- [ACTION ITEM]: Copy out and return the lines from the one holding "Energielabel Oude Nonnendaalseweg" to the end of the listing below, both included, omitting the pictures.

- [RAW DATA]:
-------------------------

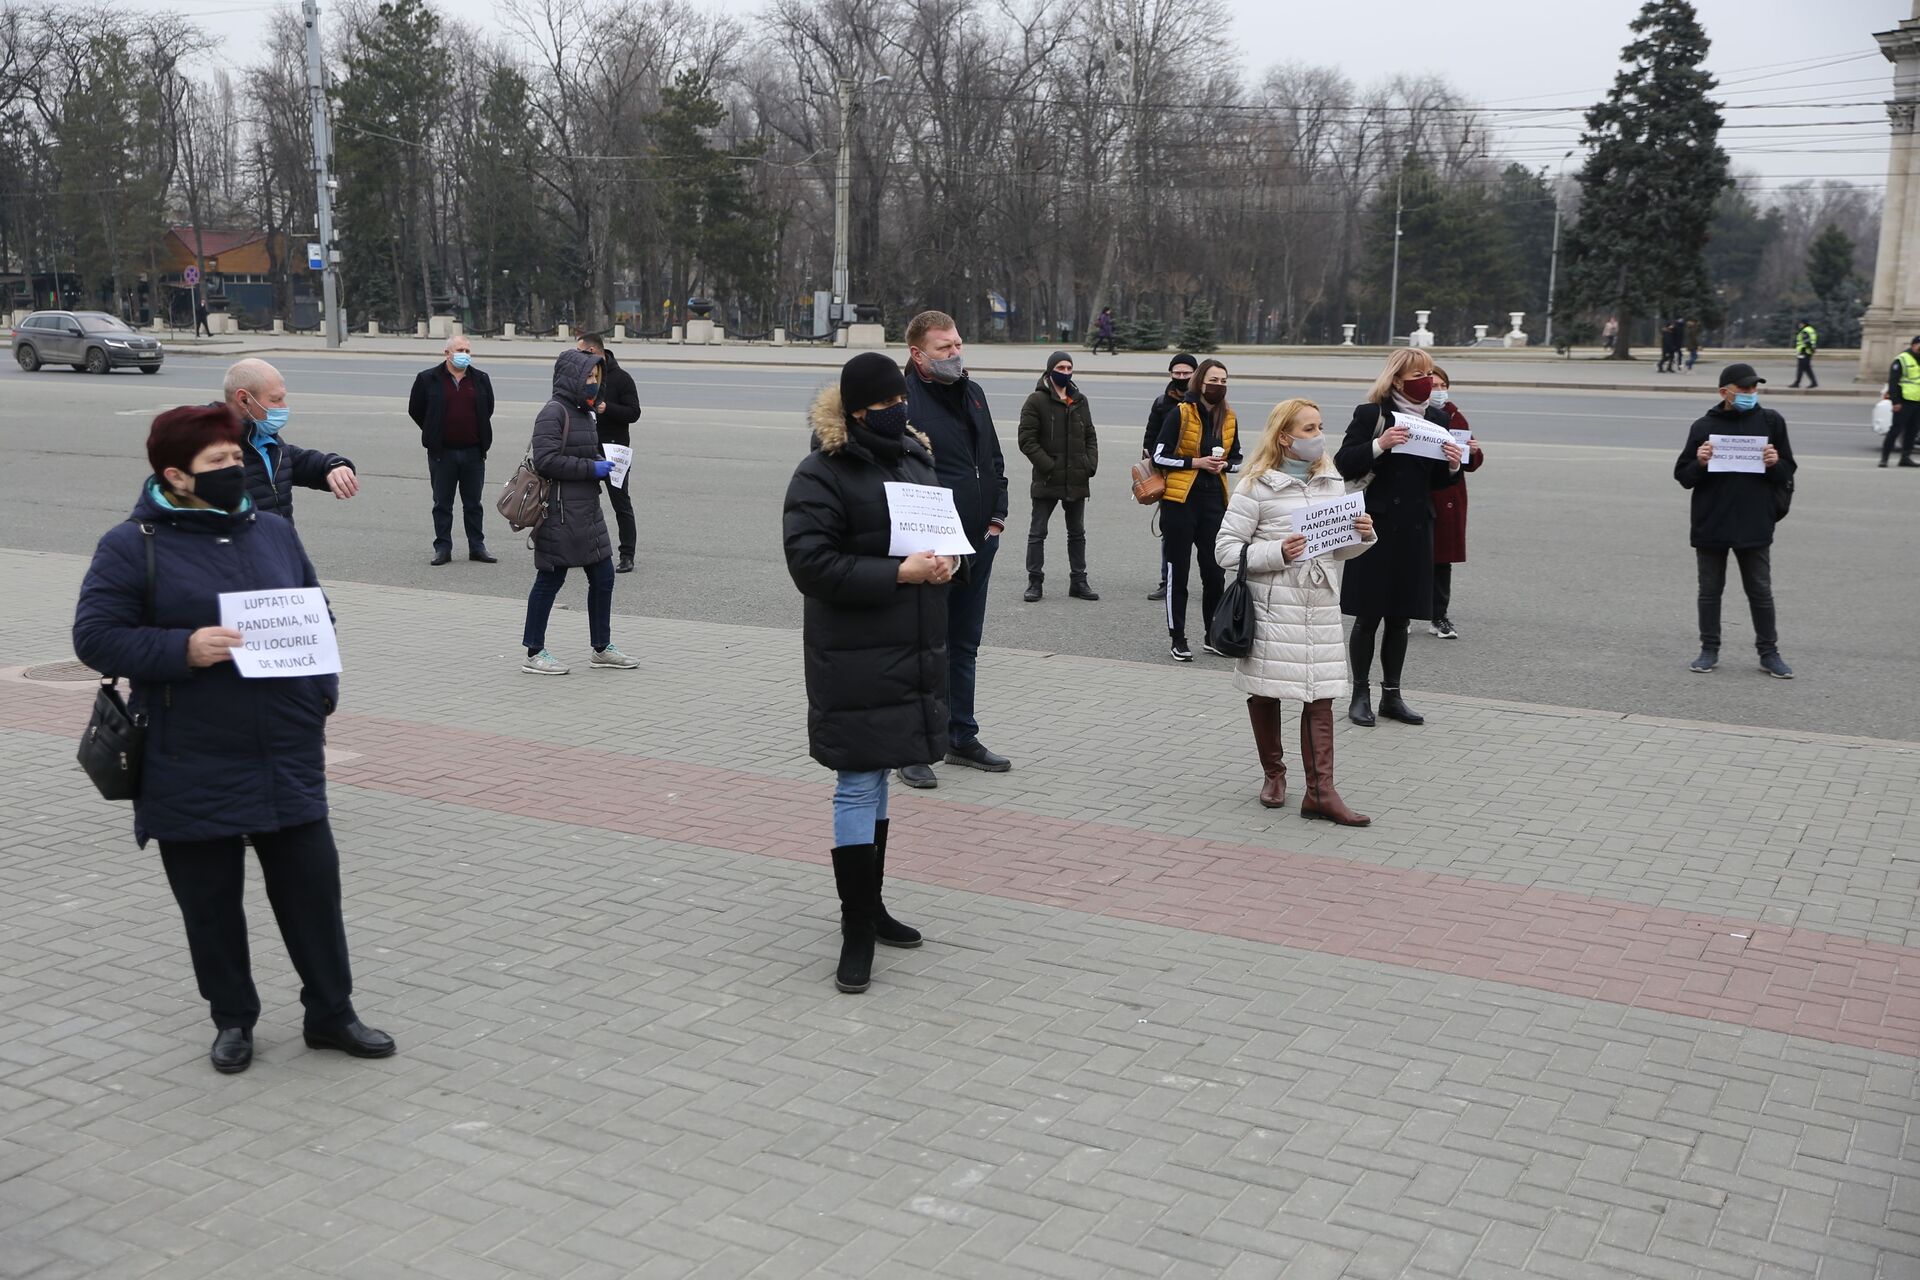 Видео, фото: Хотим работать! – в Кишиневе на митинг вышли десятки людей - Sputnik Молдова, 1920, 05.03.2021
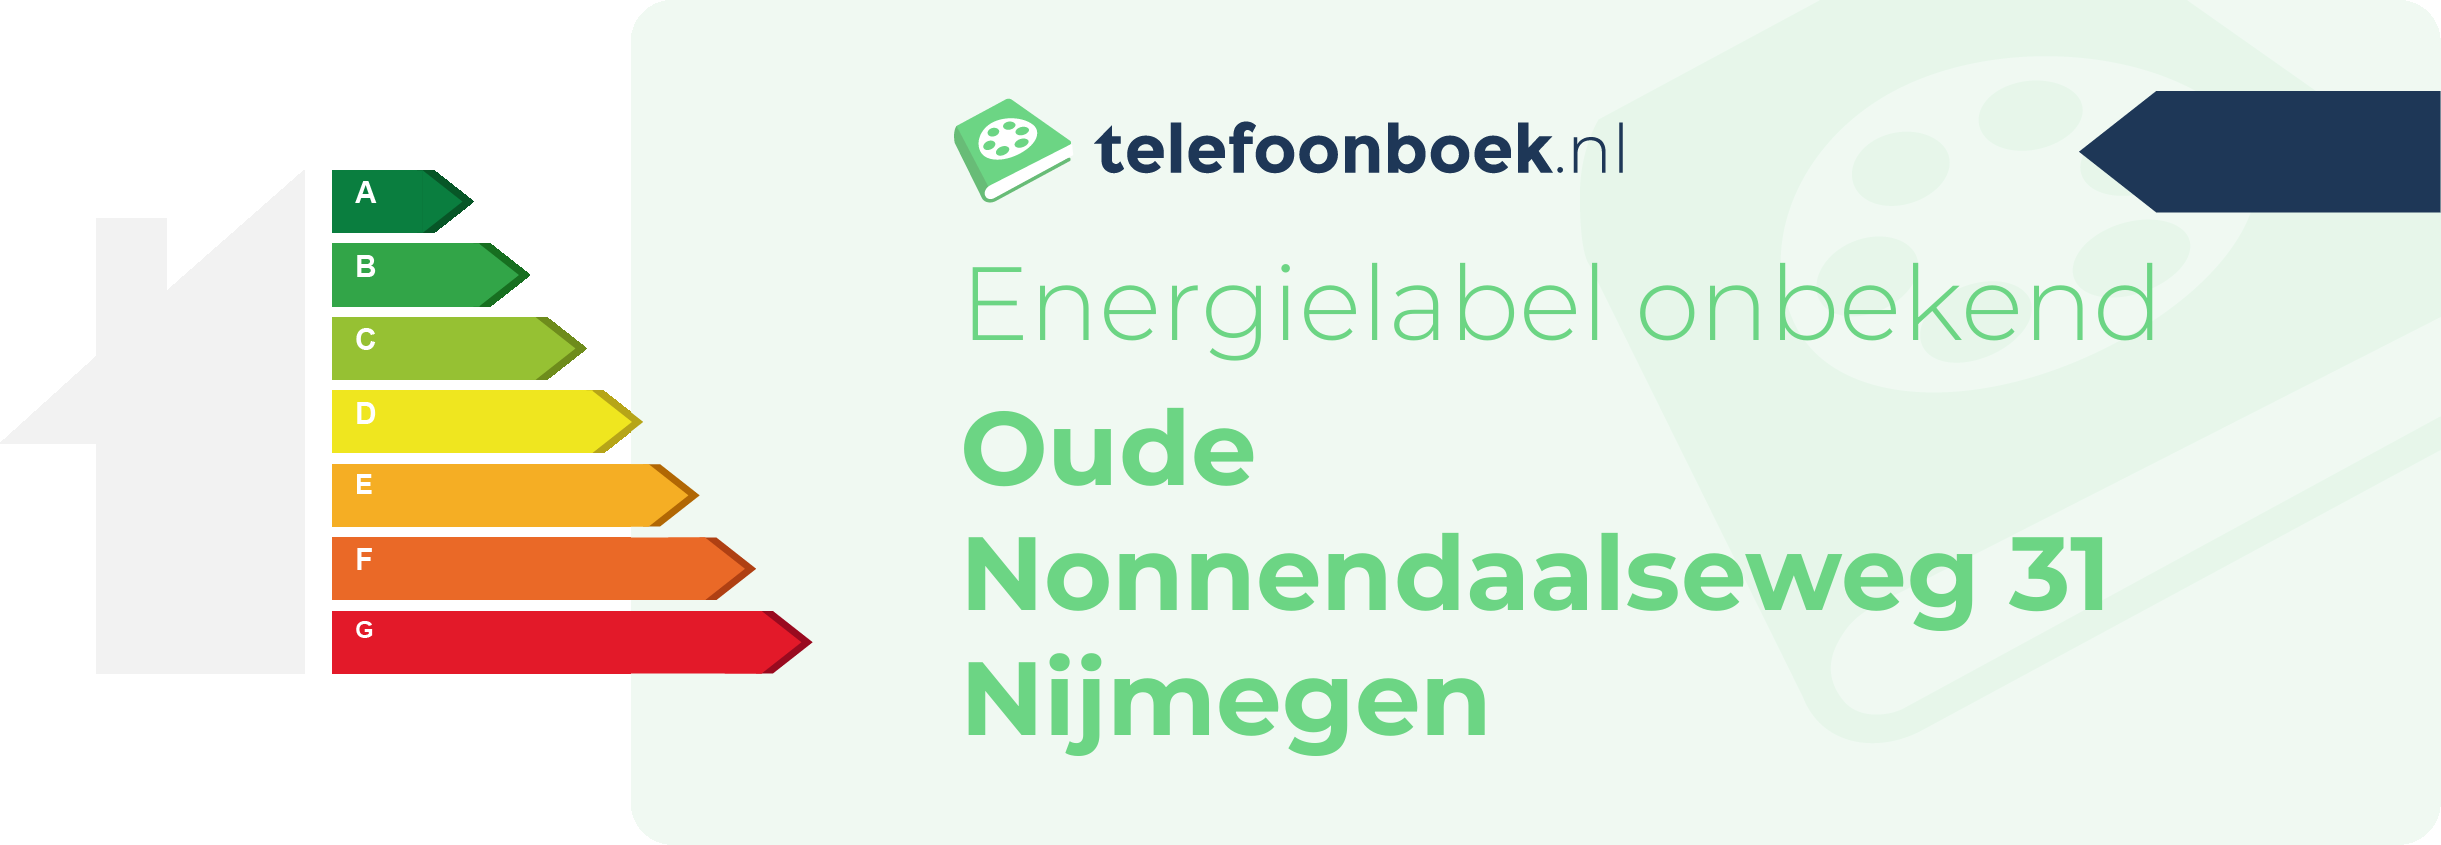 Energielabel Oude Nonnendaalseweg 31 Nijmegen
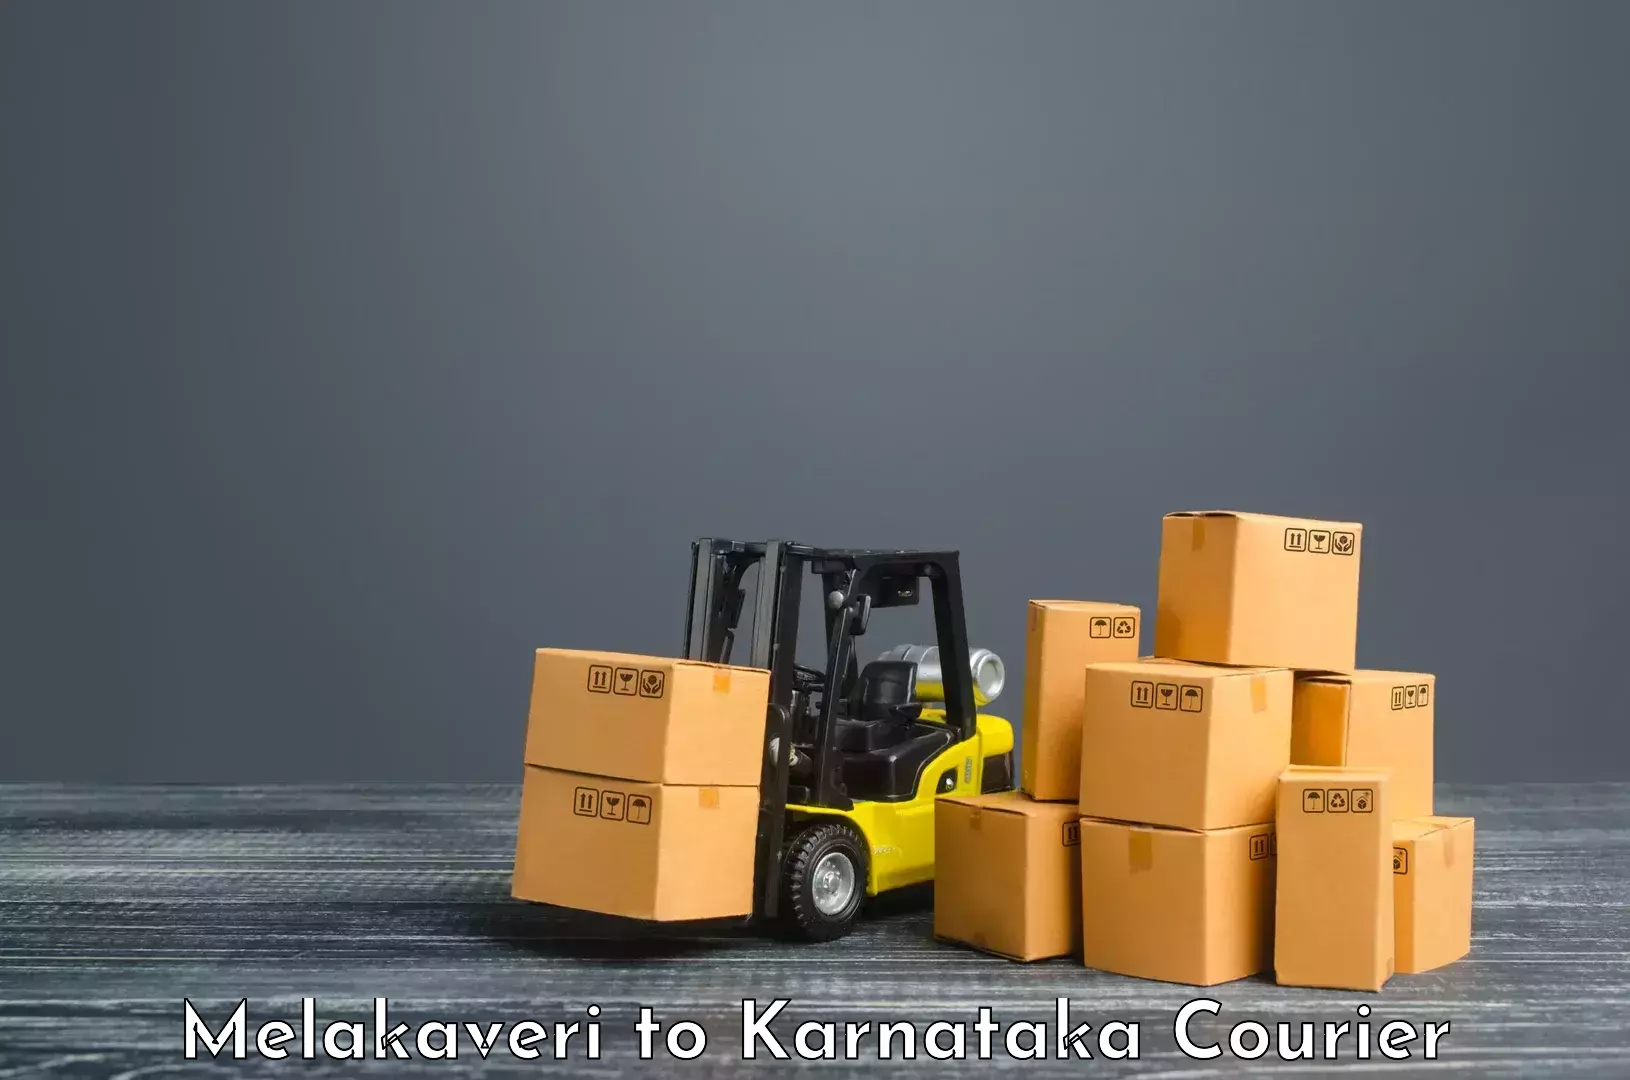 Express package delivery Melakaveri to Kanjarakatte
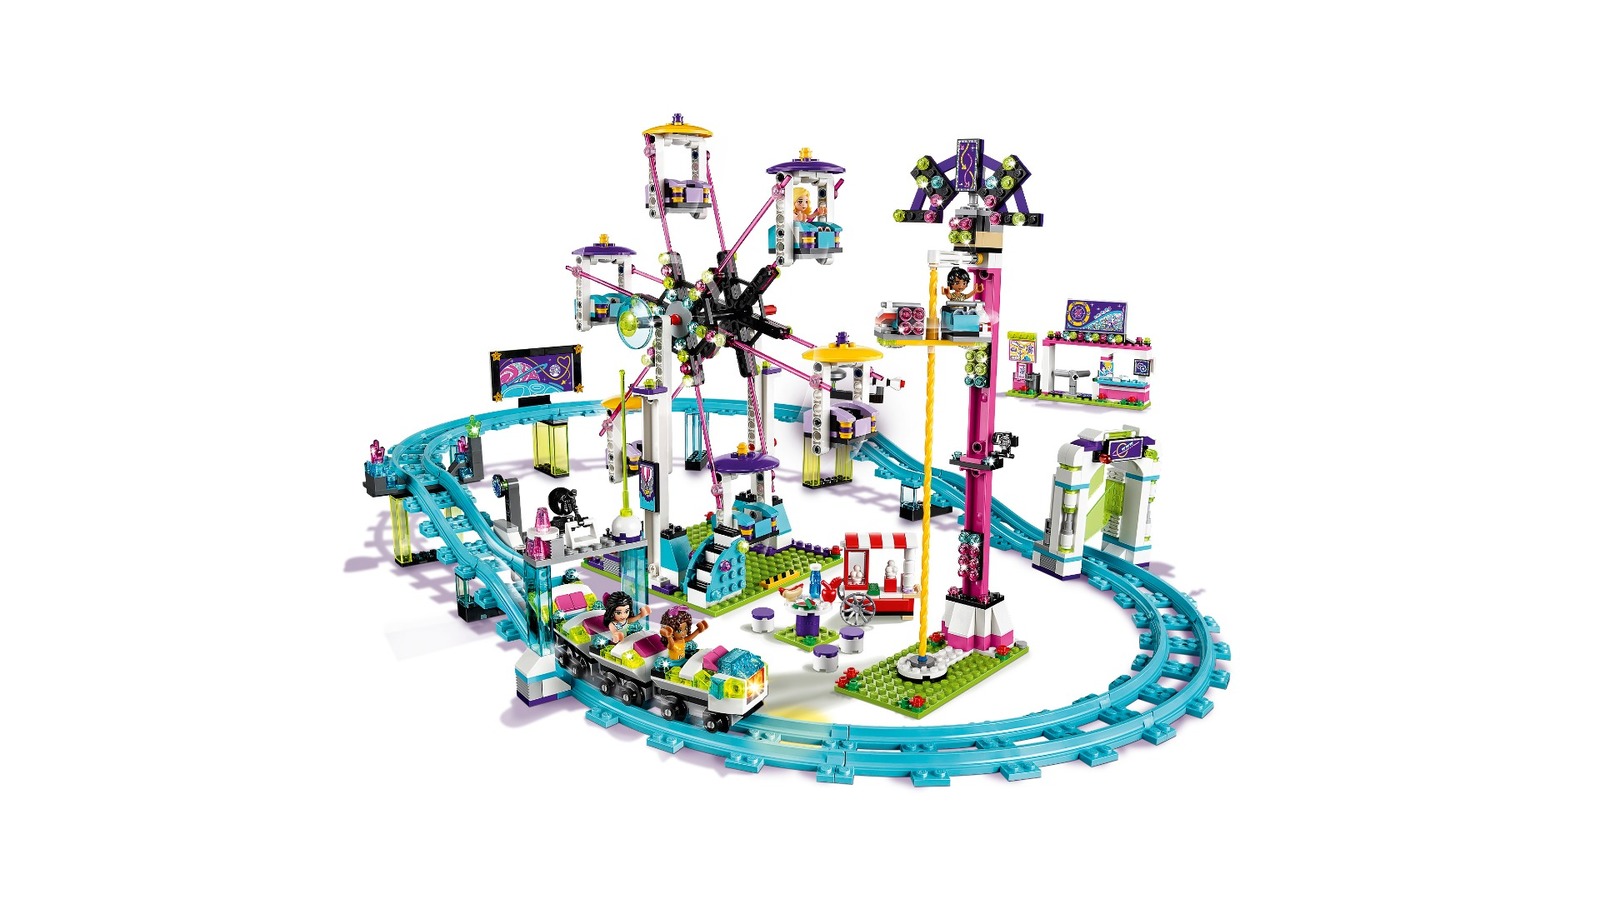 Matt's LEGO Roller Coaster

-------------------------

- [RESPONSE]:
 Energielabel Oude Nonnendaalseweg 31 Nijmegen
 Express package delivery Melakaveri to Kanjarakatte
 Matt's LEGO Roller Coaster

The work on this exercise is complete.